Wednesday, May 08, 2013

Eiruvin 63a - Giving All One's Tzedaka to One Poor Person

The gemara says that one who gives all his gifts to one kohein will bring famine into the world. The implication clearly is that one must distribute the matnos kehuna among multiple people. The Maharsha asks that throughout shas we find a concept of מכירי כהונה which means a kohein who is accustomed to always receiving the gifts from a particular person, clearly implying that this was an accepted system. The Maharsha suggests that perhaps the prohibition of giving all gifts to one kohein is only for a king like Dovid who presumably had enough to distribute to many kohanim. But for a regular person who generally has enough for only one kohein, he can always give everything to that kohein. However, the Maharsha points out that our gemara certainly doesn't seem to hold that because it makes a rule for everyone and not just for kings.
The Rashash points out that this halacha is not codified in the Rambam and suggests that perhaps it is because the concept of מכירי כהונה that we see throughout shas contradicts this gemara and overrides it. Based on the Rashash it would seem that lma'aseh it is fine to give all one's matnos kehuna to one kohein.
Would we apply this concept to tzedaka as well? Is there an issue with one who wants to give all his tzedaka to one particular poor person?
The Nodeh Beyehuda (kama, y.d. 81) uses this gemara as a source to not give sandakaos to the same person twice because there is a concept to distribute wealth and zechuyos to multiple people. If we would stretch this concept to sandakaos, it should certainly apply to tzedaka. The Nodeh Beyehuda seems to understand that we would pasken like this gemara and therefore we should say the same thing by tzedaka. Whereas, the Rashash seems to hold that we don't pasken like this gemara and therefore one can choose a poor person to whom he gives all his tzedaka.
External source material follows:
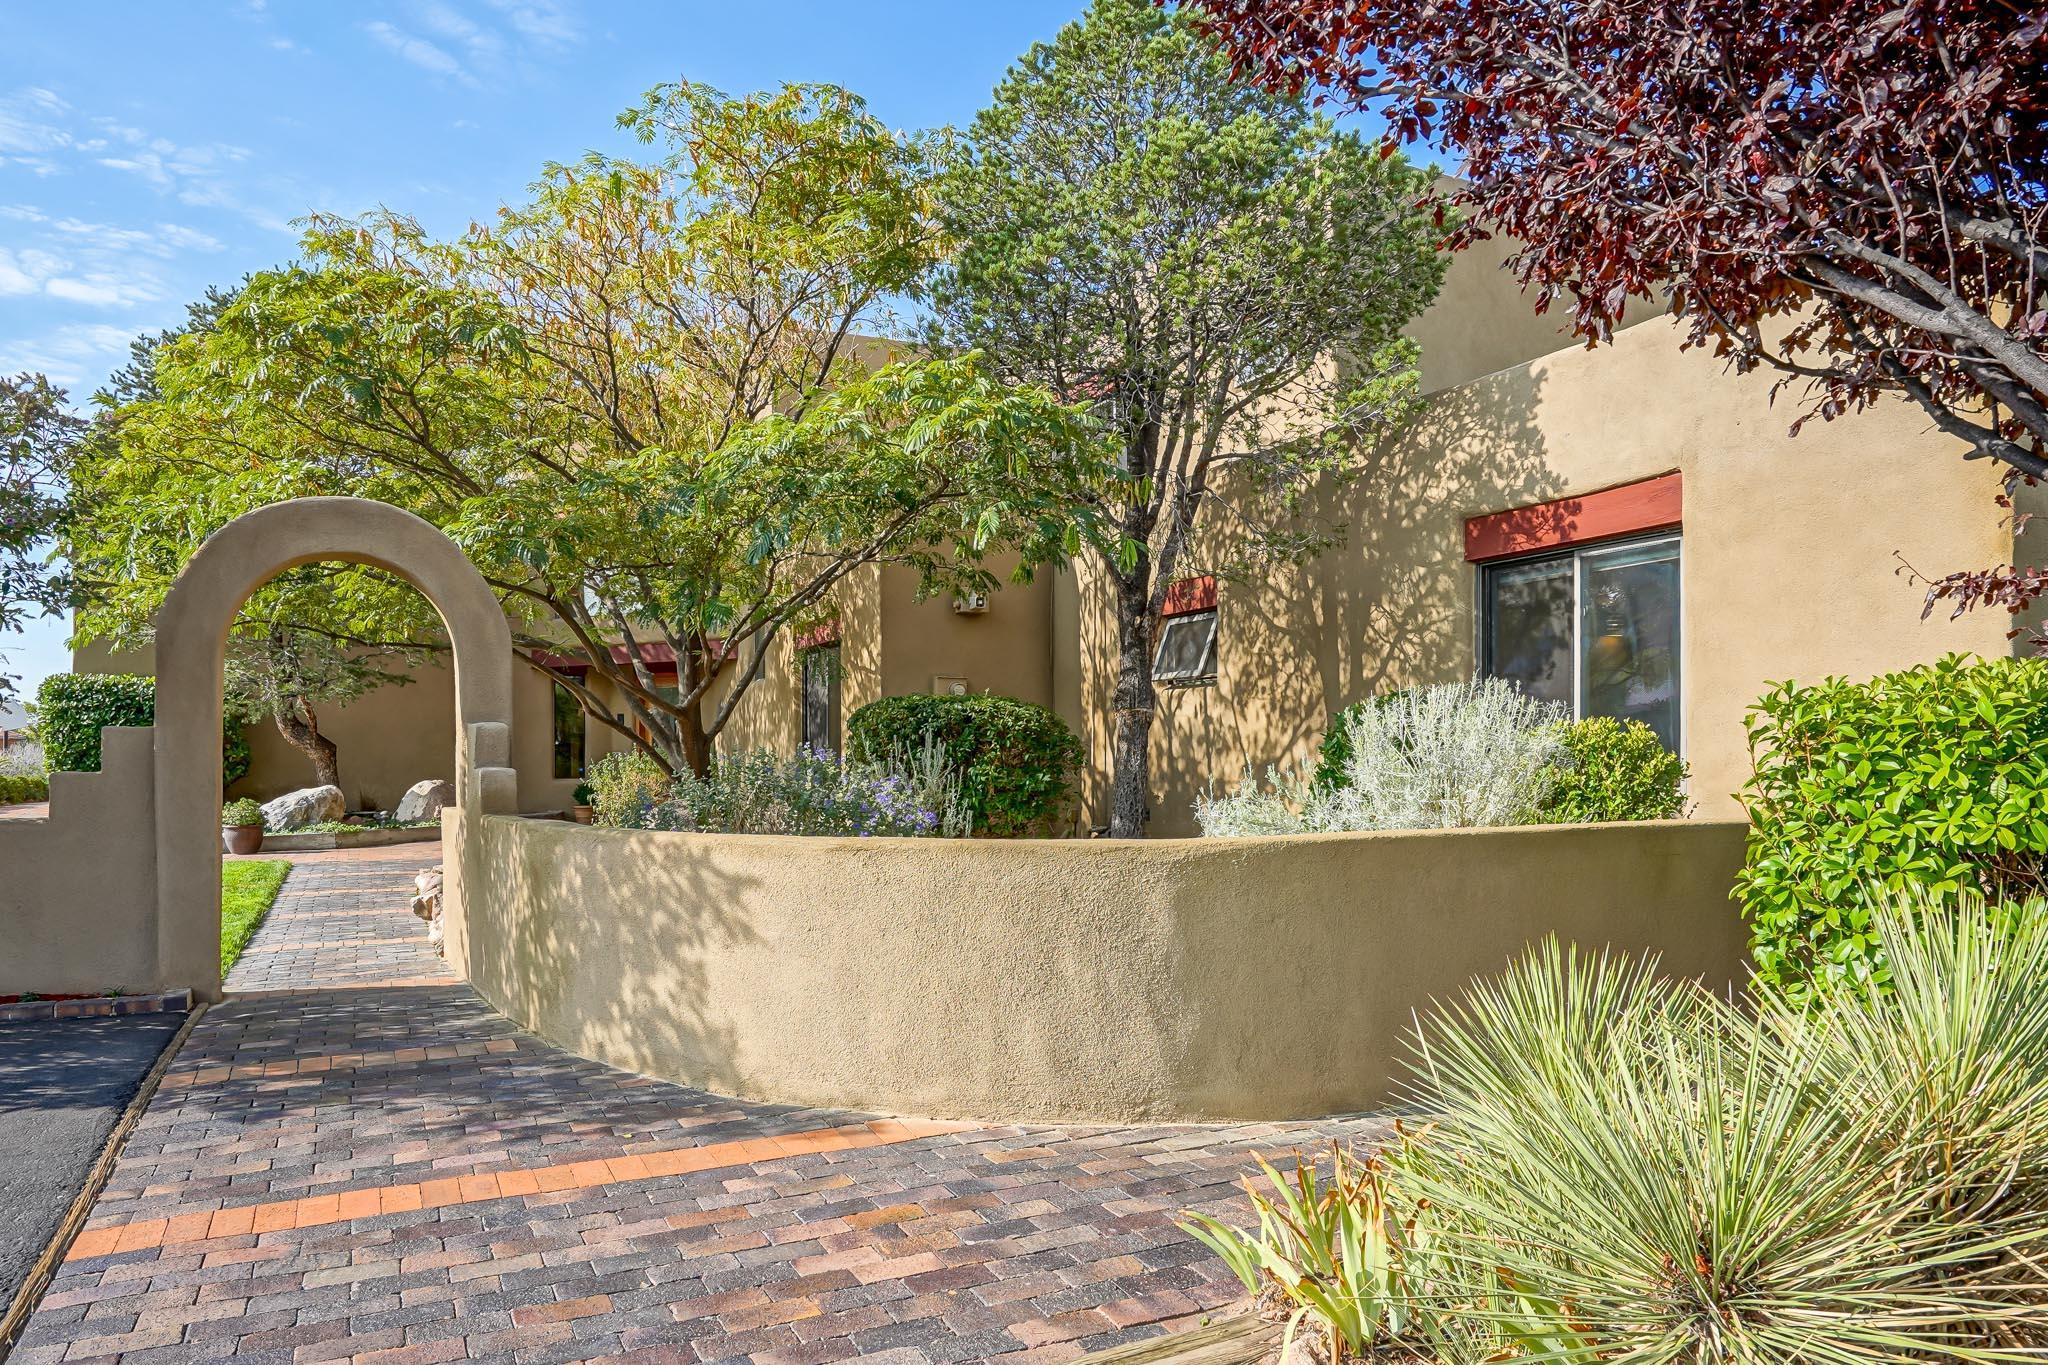 11600 SAN RAFAEL Avenue, Albuquerque NM 87122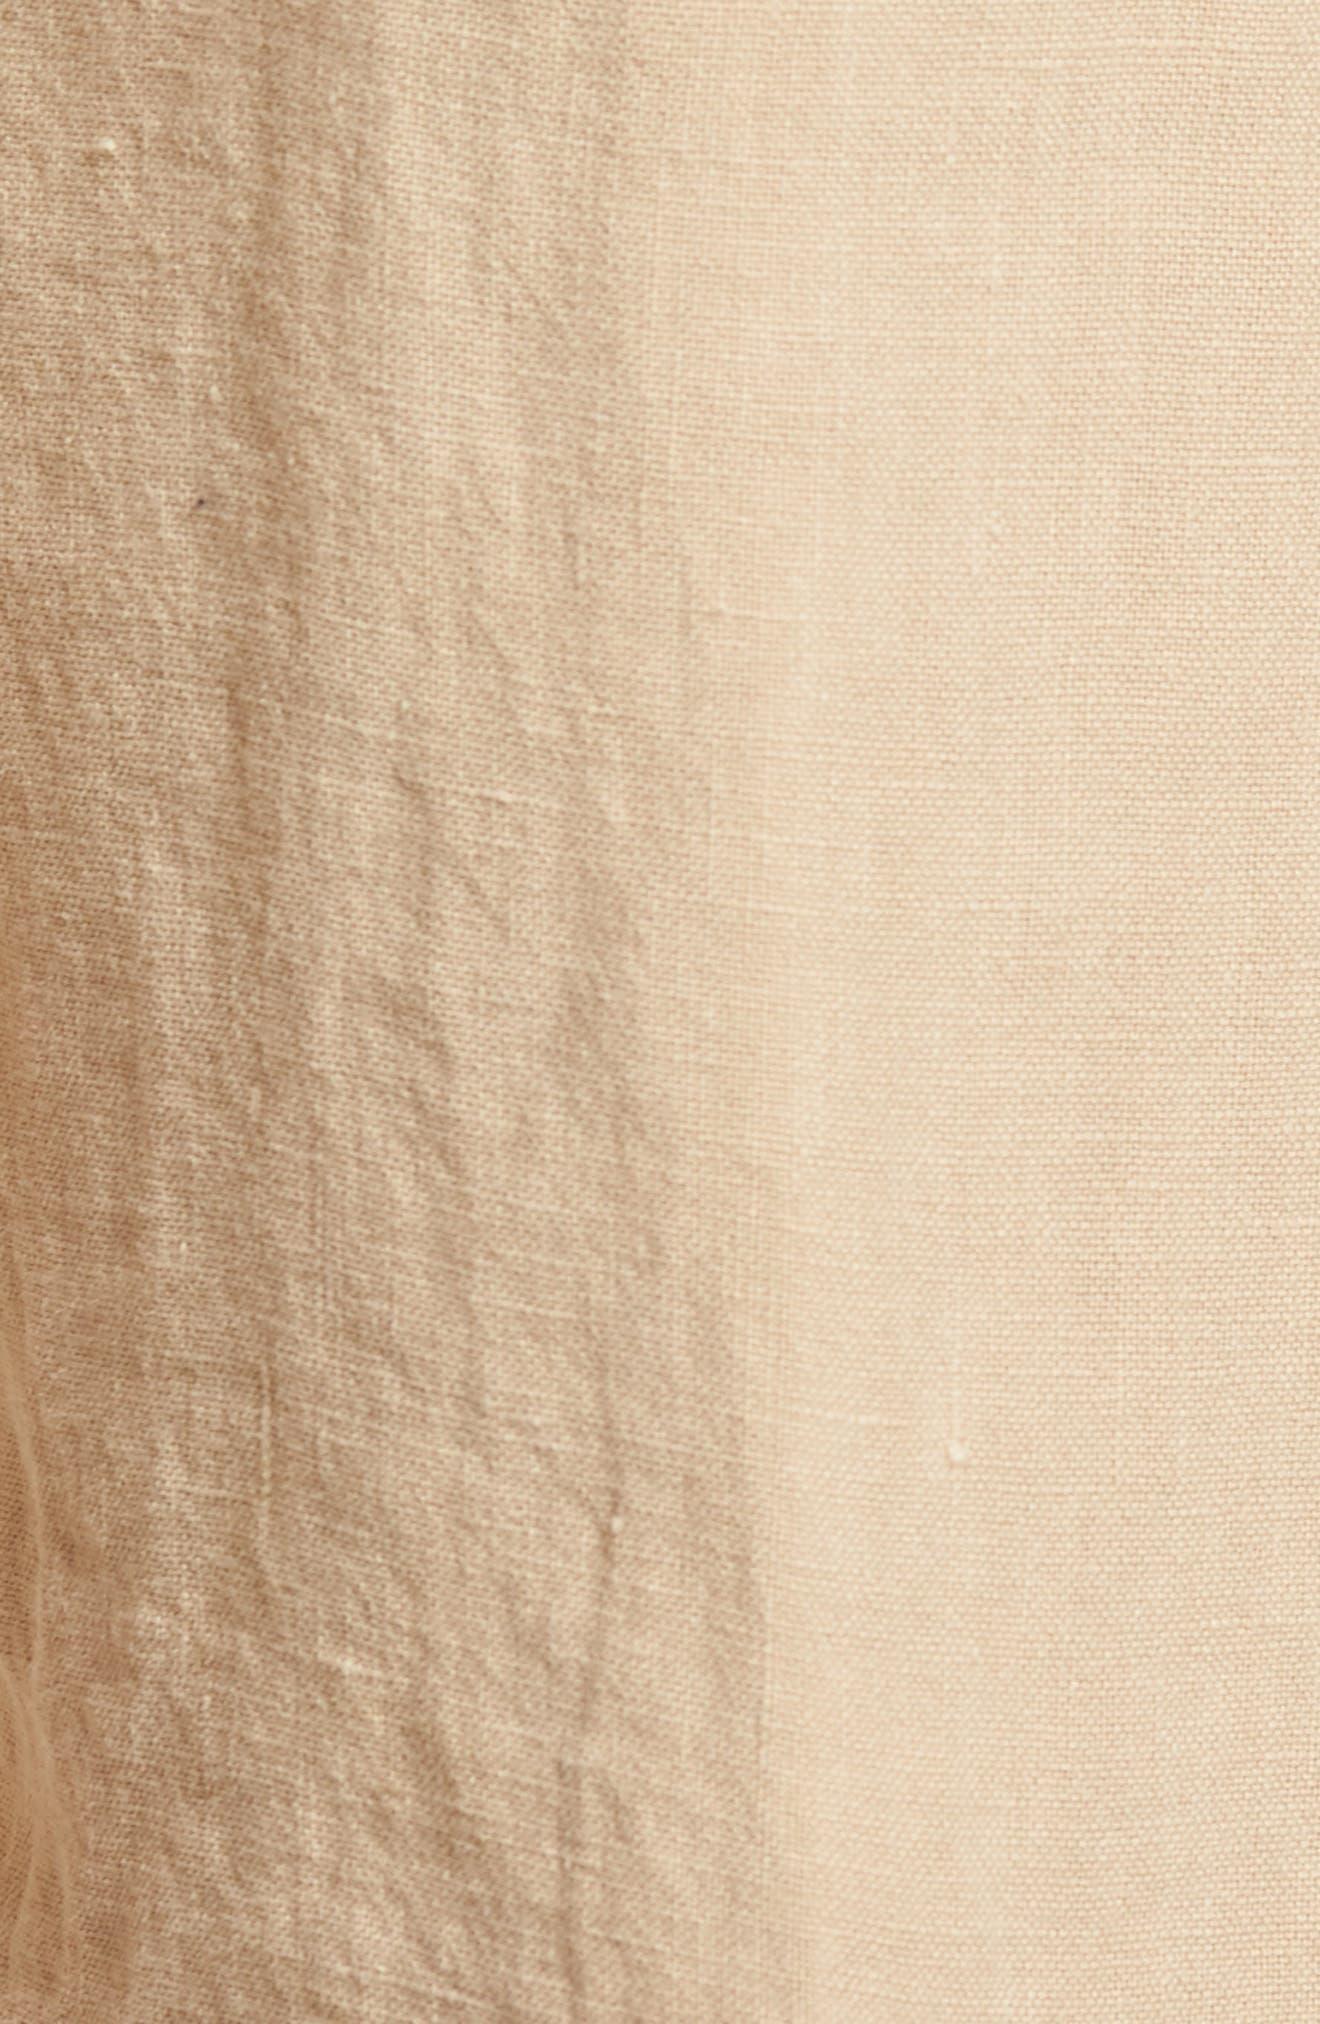 & Bros. Linen Shorts,                             Alternate thumbnail 5, color,                             Desert Dust

The Magen Avrohom (Hil. Purim 695:12) writes that the reason that one must give matanos la'evyonim to two people as opposed to mishloach manos which is only to one person is because by aniyim there is a mitzvah to distribute to multiple aniyim rather than giving all the tzedaka to one individual. Presumably, the Magen Avrohom would draw his principal from our gemara, understanding that we do pasken like this, not like the Rashash. To elaborate on this point, the machatzis hashekel cites that Bach who says that if one has 100 gold coins, it's better to give 1 to 100 aniyim, rather than giving 100 to one because by giving to 100 aniyim you give life to 100 souls. The rationale that is offered by the Bach only makes sense if one would be giving a significant amount to each ani and enough to tend to their needs. However, if one has $100 which may be a significant give for 1 ani but not for 100, it would seem that even the bach and magen avrohom may agree that it is better to give it all to one person rather than distribute it to 100 poor people. The Pri Megadim seems to disagree with the magen avrohom and says that it is merely a technical diyuk from the pasuk which says matanos la'evyonim, implying multiple aniyim, but would not be a rule for tzedaka in general.
However, in Hilchos Tzedaka 257:9 the shulchan aruch writes that one should not give all his tzedaka to one poor person and the Be'er HaGola cites our gemara as the source. Clearly, the Shulchan Aruch holds that we do pasken like our gemara and doesn't consider the din of makirei kehuna to contradict it. Perhaps it is because makirei kehuna is assuming that one barely has enough matanos for one kohen, but if the has enough to provide many with a significant amount, he should be distributing his matanos and his tzedaka.